The policies have won praised from immigration hardliners as a return to law and order, but incited outrage from immigrant and refugee advocates who call them cruel and inhumane.
"The current refugee policies punish the most vulnerable: survivors of torture, people with medical emergencies, and children desperately trying to reunite with their families," said Betsy Fisher, the policy director of the International Refugee Assistance Project, a legal advocacy group for refugees that has been part of the litigation against the Trump administration.
This year's low numbers show that "the U.S. is abdicating its humanitarian leadership at a time when the need is greater than ever... [and] that the Trump administration continues to try to actively ban Muslims from entering the country, as refugees from Syria, Iraq, and other Muslim-majority countries are particularly affected," Fisher added in a statement to ABC News.
To some critics, not accepting refugees also threatens U.S. national security, leaving allies like Jordan and Turkey to deal with the refugee crisis. There are more than 3 million Syrian refugees in Turkey and 1 million in Lebanon, while 600,000 Venezuelan refugees have poured into neighboring Colombia, a critical U.S. ally, and 700,000 Rohingya refugees have fled ethnic cleansing in Myanmar for neighboring Bangladesh.
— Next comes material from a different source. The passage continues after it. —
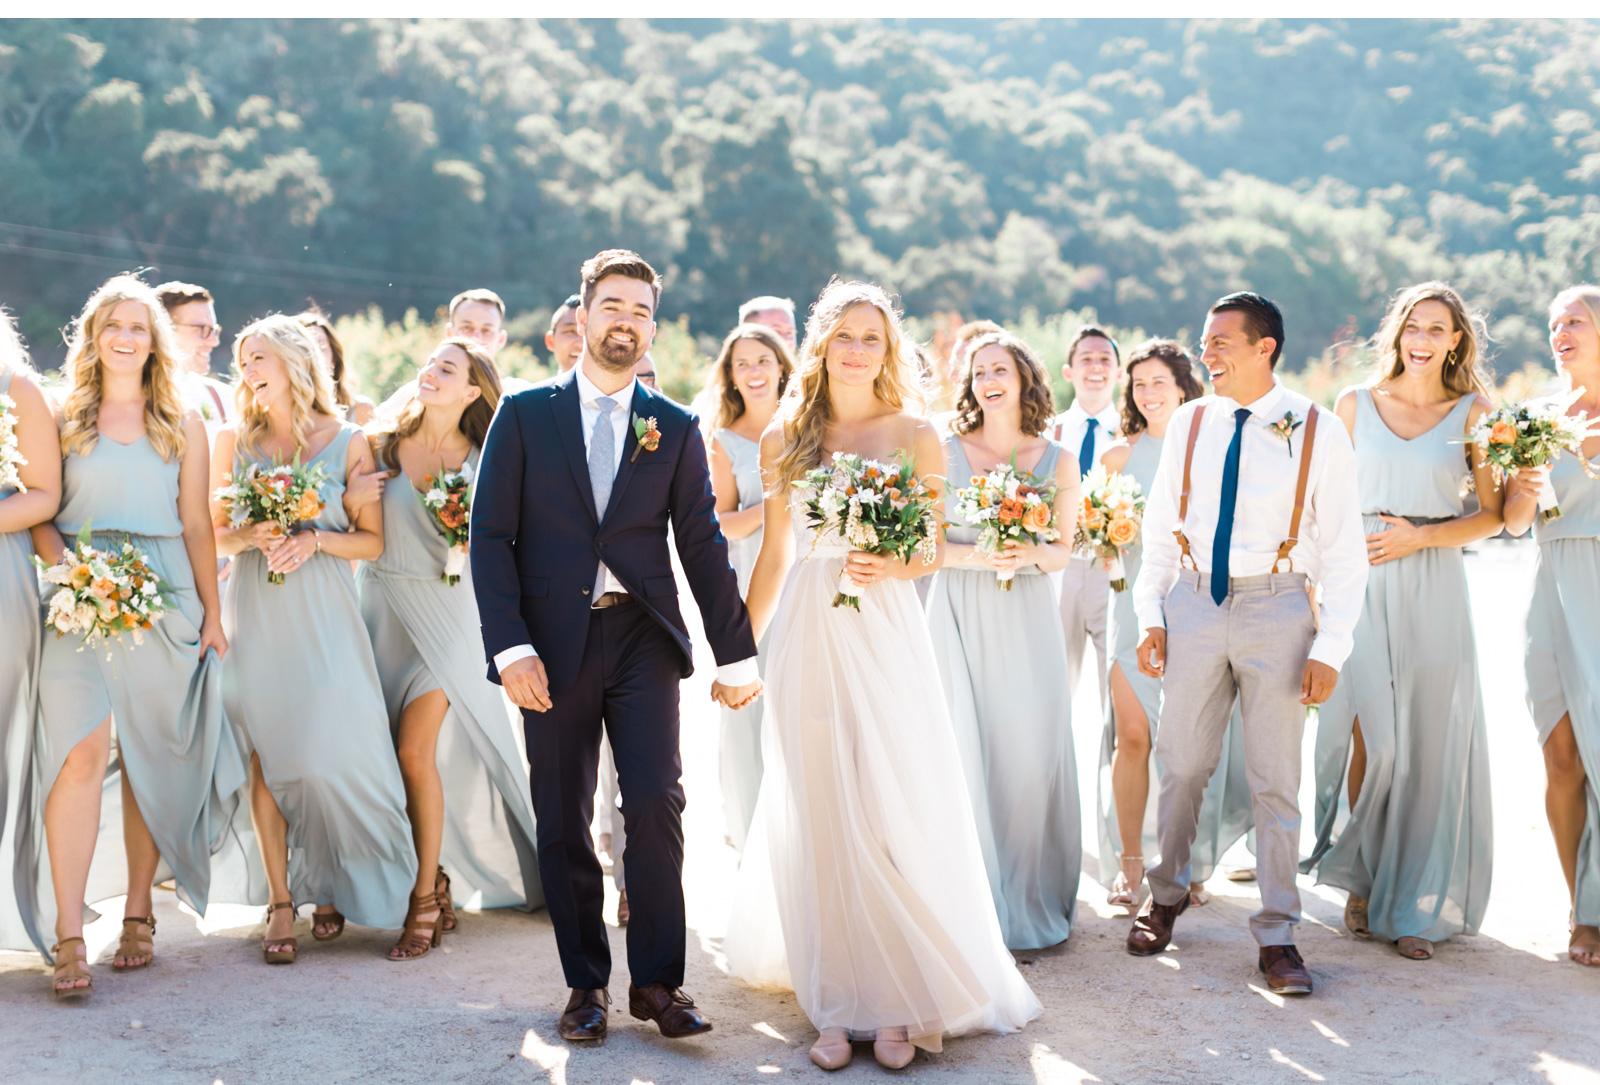 Style-Me-Pretty-San-Luis-Obispo-Wedding-Natalie-Schutt-Photography_14.jpg

"The sharp decline in resettlement leaves U.S. allies in the lurch, threatens the stability of front-line refugee hosting states, and signals to U.S. friends and foes that the United States has retreated from efforts to address the world’s greatest challenges," said Eleanor Acer, the director of the "Refugee Protection" program at Human Rights First, a nonpartisan nonprofit advocating for human rights in U.S. foreign policy.
"The U.S. abdication of leadership on resettlement doesn’t put America first, it actually sabotages America’s interests globally," Acer said in a statement.
Among the refugees admitted so far in FY 2018, over one-third of them are from Africa, with 26% from the Middle East, North Africa, and South Asia. East Asians comprised 1,809, there were 1,738 Europeans, and only 302 were from Latin America and the Caribbean.